The early identification and diagnosis of autism is critical to ensure access to appropriate early intervention and support. Few studies have examined the association between potentially modifiable characteristics of the service system and timelier diagnosis.

Methods

An online survey was conducted to examine parental experiences of service pathways to an autism diagnosis for their child, and to identify child, family, and service level characteristics that predict the age and timeliness of diagnosis. Participants included 107 parents of children with autism who were diagnosed by 7 years of age and a smaller subgroup of 29 parents who were diagnosed after 7 years of age.

Results

Parents of younger children reported that, on average, it took approximately 12 months and 8 professional consultations to receive a confirmed diagnosis for their child. Parents of older children, as well as those who reported they were a sole caregiver, or were advised by professionals to ‘wait and see’, reported more time between first raising concerns and diagnosis.

Conclusions

The findings reiterate the importance of proactive professional responses to parental concerns. They also highlight the need for standardised screening and assessment and professional development and training to build capacity in the sector to deliver timely and accurate autism diagnoses.

Introduction

Autism spectrum disorder (ASD) is an umbrella term used to describe a group of neurodevelopmental conditions characterised by difficulties in social-communication and interaction as well as repetitive or restricted interests and behaviours, which are first evident from early childhood (American Psychiatric Association, 2013). The early identification and diagnosis of autism is critical to ensure access to appropriate early intervention and support services. Intensive early intervention leads to improvements in language, cognition and adaptive functioning for many children on the autism spectrum (Dawson et al., 2010; Perry, Blacklock, & Dunn Geier, 2013; Rogers & Vismara, 2008), which may translate into substantial economic benefits for families and communities (Cidav et al., 2017). While support at any age is beneficial, younger children may benefit most from early intervention due to early brain plasticity (Dawson et al., 2012). Indeed, the age that a child commences early intervention, cognitive ability pre-treatment, and the amount of intervention received have been identified as important indicators of developmental gains (Clark, Vinen, Barbaro, & Dissanayake, 2018; Flanagan, Perry, & Freeman, 2012; Perry et al., 2013; Smith, Klorman, & Mruzek, 2015; Vivanti, Dissanayake, & The Victorian ASELCC Team, 2016).

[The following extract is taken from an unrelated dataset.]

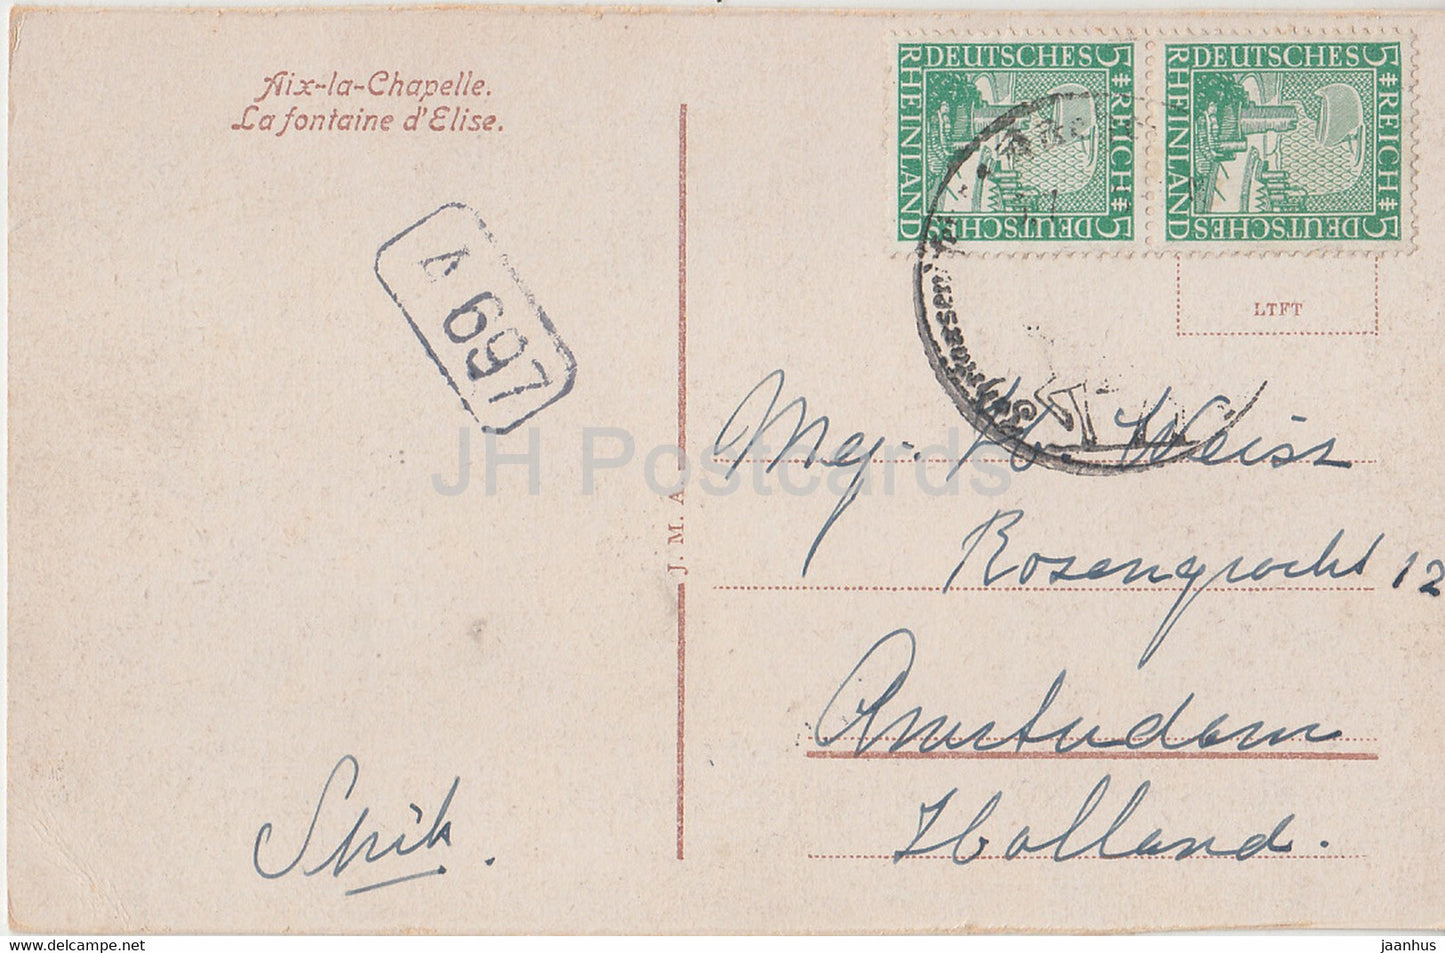 Aix-la-Chapelle - Elisenbrunnen - Aix la Chapelle - La Fontaine d'Elise - carte postale ancienne - Allemagne - occasion

Early behavioural markers of ASD, such as inconsistent or reduced: eye contact, orientation to name, use of gestures, social smiling, response to joint attention and imitation are evident from the first year of life (Barbaro & Dissanayake, 2009; Barbaro & Dissanayake, 2010). Many children can be reliably diagnosed from 24 months of age, and research suggests these early diagnoses are stable into later childhood for 85–90 % of cases (Barbaro & Dissanayake, 2016; Chawarska, Klin, Paul, & Volkmar, 2007; Clark, Barbaro, & Dissanayake, 2016; Guthrie, Swineford, Nottke, & Wetherby, 2012). Although feasible, the diagnosis of ASD in young children can be complex, due to marked variability in presentation and rapid development during the first years of life (Steiner, Goldsmith, Snow, & Chawarska, 2012). The diagnostic criteria acknowledges that for some children difficulties may not emerge until a later age, when social demands exceed capabilities (American Psychiatric Association, 2013). Factors which may contribute to a child being diagnosed with ASD at a later age also include the type and severity of symptoms the child presents with, their developmental level, variability in symptom onset, fewer parental concerns and lower socio-economic status, together with the availability of diagnostic services and lengthy waiting lists to access these (Daniels & Mandell, 2014). Indeed an international literature review found that the average age at diagnosis reported across studies ranged from 38 to 120 months (Daniels & Mandell, 2014), highlighting the variability in families’ diagnostic experiences. Similarly in Australia, the average age of diagnosis of autism is reported to be approximately 4 years of age in children younger than 7 (Bent, Dissanayake, & Barbaro, 2015) and 6 years in children aged up to 12 years (May & Williams, 2018).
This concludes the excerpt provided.